BTW, maybe thrust::sort can be used for GPU implementation.

https://thrust.github.io/doc/group__sorting.html#ga1099d781e06c43805be06a918f7b7499

qingqing01 · 2018-06-11T06:50:13Z

paddle/fluid/operators/argsort_op.cc

+                   "Output(Indices) of ArgsortOp should not be null.");
+
+    auto in_dims = ctx->GetInputDim("X");
+    int axis = static_cast<int>(ctx->Attrs().Get<int>("axis"));


Remove static_cast<int>() .

qingqing01 · 2018-06-11T06:53:21Z

paddle/fluid/operators/argsort_op.cc

+    AddInput("X", "(Tensor) The input of Argsort op.");
+    AddOutput("Out", "(Tensor) The sorted tensor of Argsort op.");
+    AddOutput("Indices",
+              "(Tensor) The indices of a tensor giving the sorted order.");


Give the shape for Out and Indices.

qingqing01 · 2018-06-11T06:53:35Z

paddle/fluid/operators/argsort_op.h

+    auto* input = ctx.Input<framework::Tensor>("X");
+    auto* output = ctx.Output<framework::Tensor>("Out");
+    auto* indices = ctx.Output<framework::Tensor>("Indices");
+    int axis = static_cast<int>(ctx.Attr<int>("axis"));


Remove static_cast<int>()

qingqing01 · 2018-06-11T06:54:18Z

paddle/fluid/operators/argsort_op.cc

+    PADDLE_ENFORCE(axis >= 0 || axis == -1,
+                   "Attr(axis) %d of ArgsortOp must be nonnegative or equal to "
+                   "-1.",
+                   axis);


If axis < 0, we can re-set the axis = in_dims.size() + axis ? not limited to -1 for the negative value.

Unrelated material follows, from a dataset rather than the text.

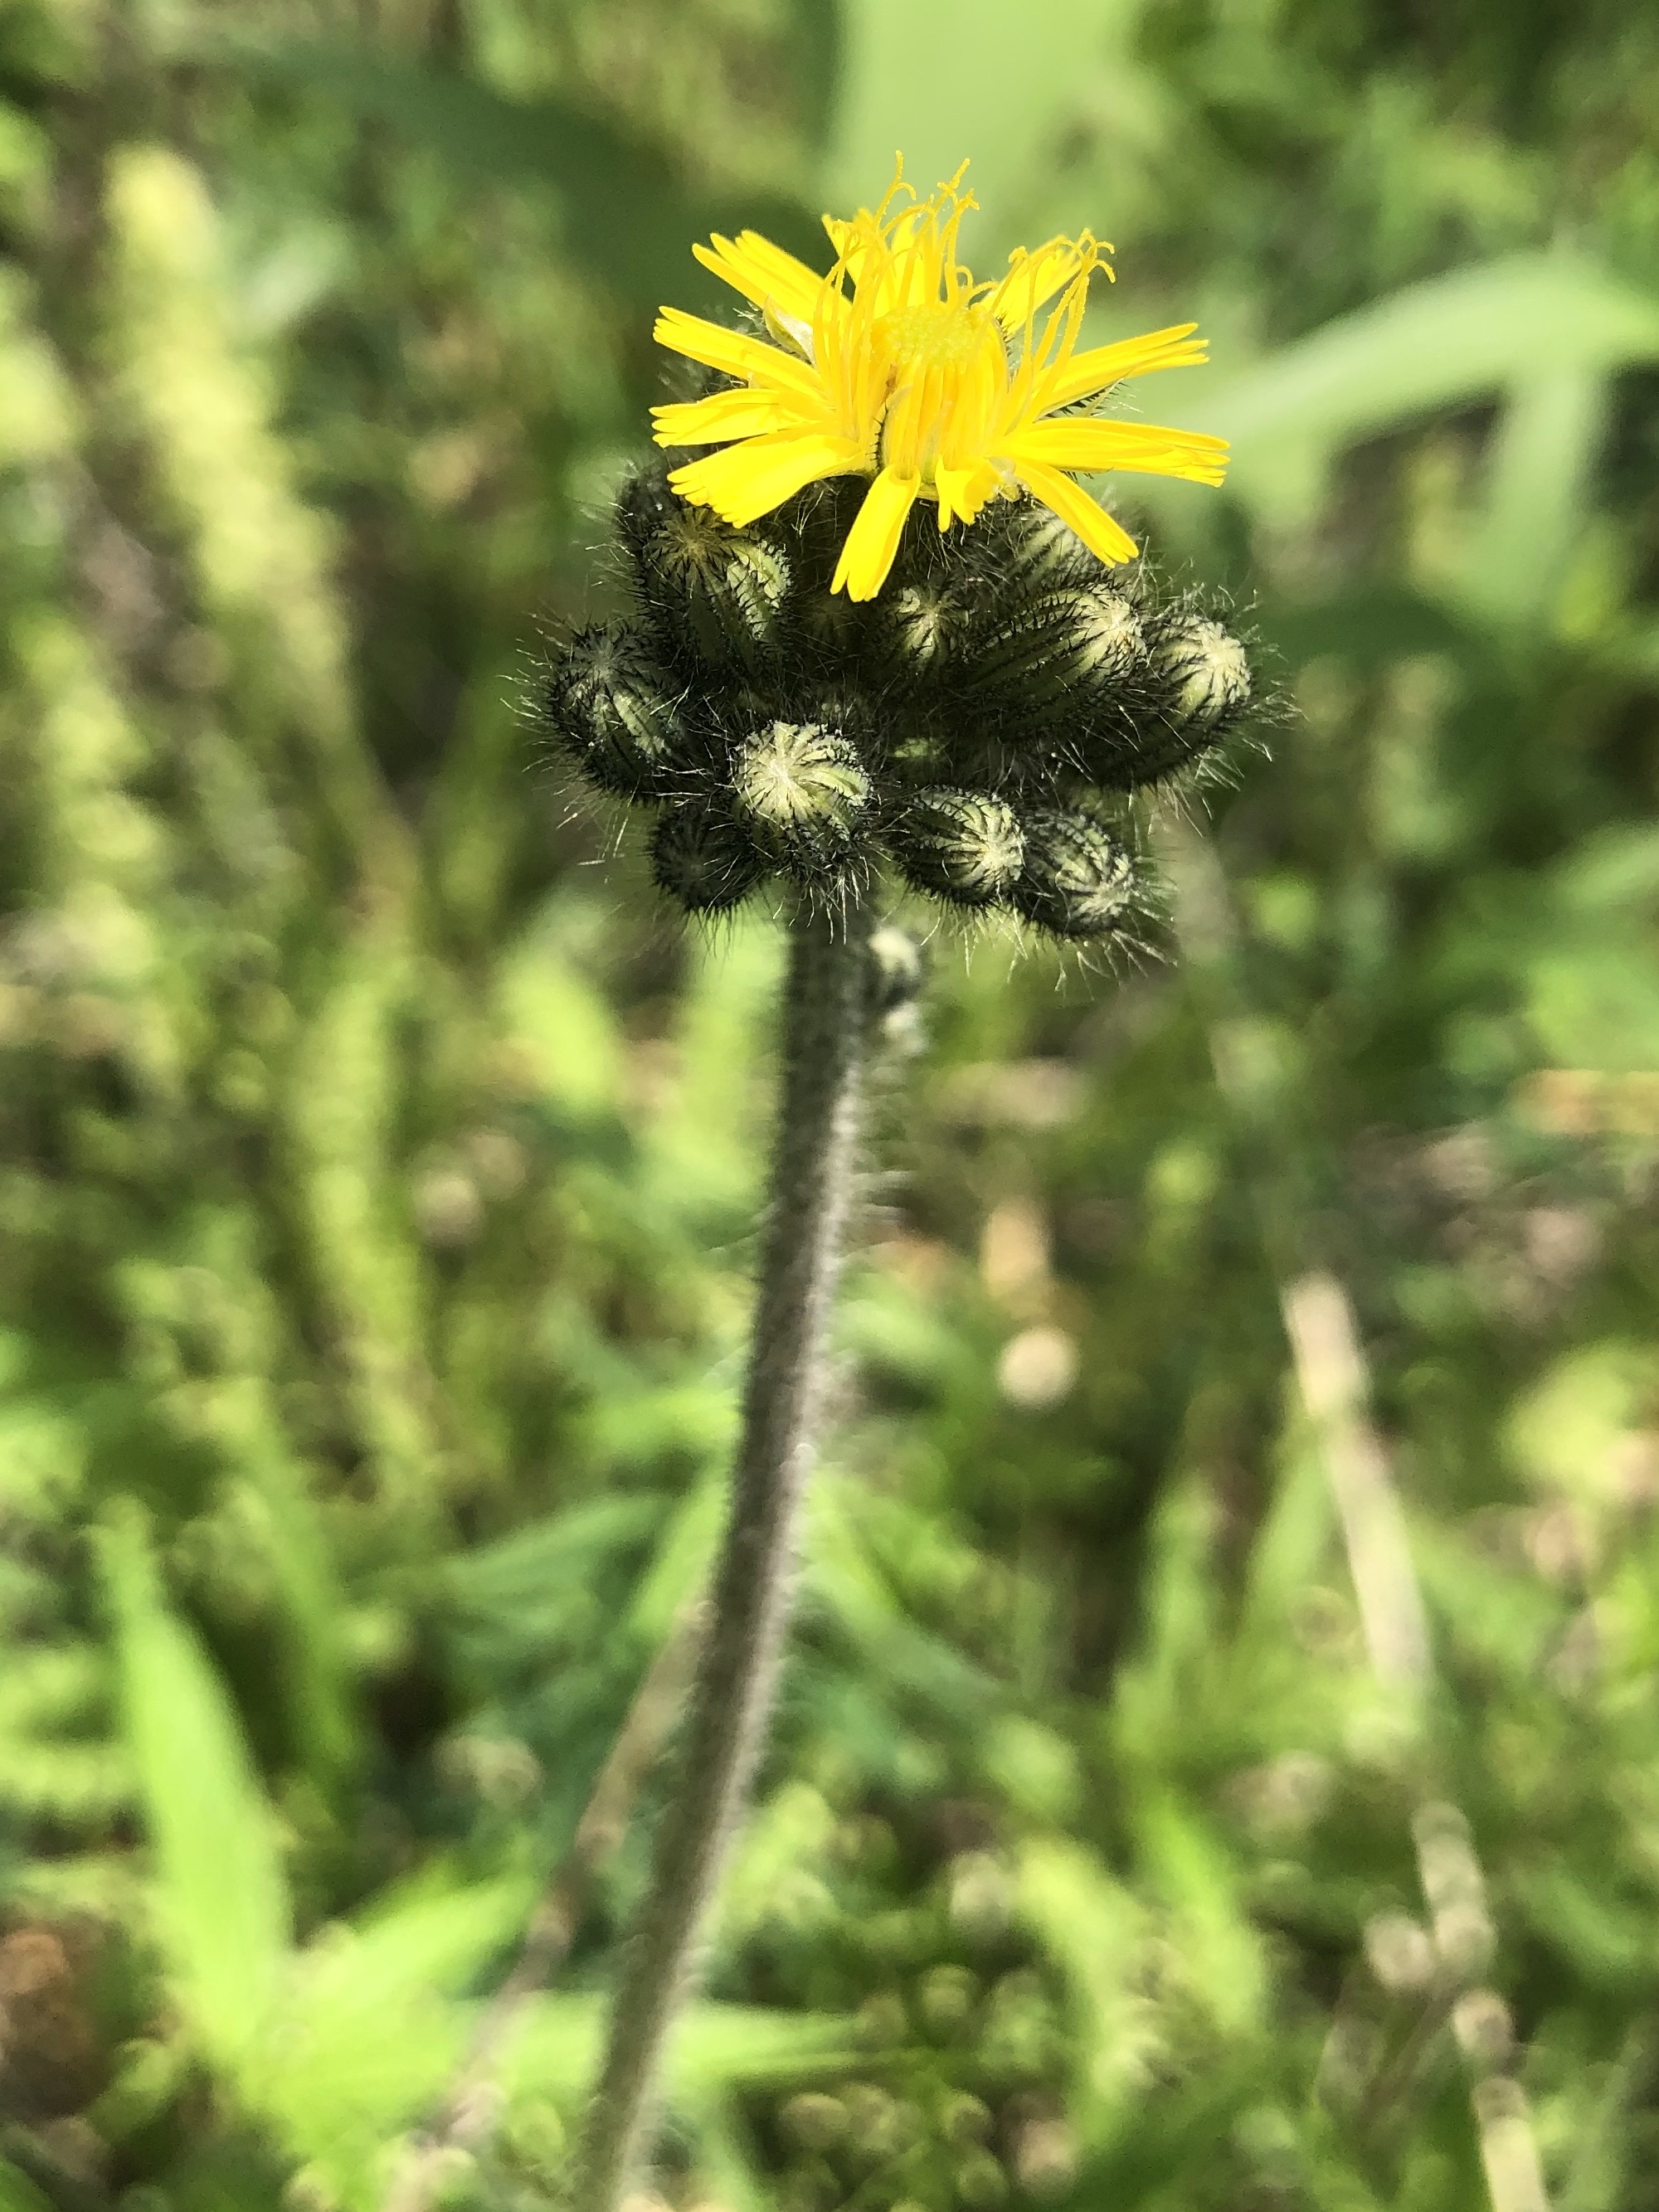 Meadow Hawkweed leaves and stem in the Curtis Prairie in the University of Wisconsin-Madison Arboretum in Madison, Wisconsin on June 7, 2022.

sneaxiy · 2018-06-11T08:25:54Z

paddle/fluid/operators/argsort_op.h

+        out_data[index] = in_vec[j].first;
+        idx_data[index] = in_vec[j].second;
+      }
+    }


Line 40-73 can be changed to be more efficient and save memory used.

int64_t part_dims_prod = input->numel() / in_dims[axis]; int64_t step = 1; for (int64_t i = in_dims.size()-1; i > axis; --i) step *= in_dims[i]; std::vector<int64_t> org_index_vec(in_dims.size()); std::vector<int64_t> idx_vec(in_dims.size()); idx_vec[axis] = 0; for (int64_t i = 0; i < part_dims_prod; ++i) { for (int64_t dim = in_dims.size() - 1; dim >= 0; --dim) { if (dim != axis) { idx_vec[dim] = idx % in_dims[dim]; idx /= in_dims[dim]; } } int64_t start_index = idx_vec[0]; for (int64_t dim = 1; dim < in_dims.size(); ++dim) { start_index = start_index * in_dims[dim] + idx_vec[dim]; } for (int64_t j = 0; j < in_dims.size(); ++j) { org_index_vec[j] = start_index + j*step; } std::sort( org_index_vec.begin(), org_index_vec.end(), [in_data](int64_t idx1, int64_t idx2) { return in_data[idx1] < in_data[idx2]; }); for (size_t j = 0; j < org_index_vec.size(); ++j) { int64_t org_index = org_index_vec[j]; int64_t ret_index = start_index + j*step; out_data[ret_index] = in_data[org_index]; idx_data[ret_index] = org_index; } }

Thanks! It is a good idea to only sort the index, and I made the change. Please take a look.

kuke · 2018-06-12T16:50:36Z

@reyoung Yes, we can use thrust::sort here. But it may be not straightforward as you expected, for the objects to sort are some sub-vectors consisting of elements with discontinuous address.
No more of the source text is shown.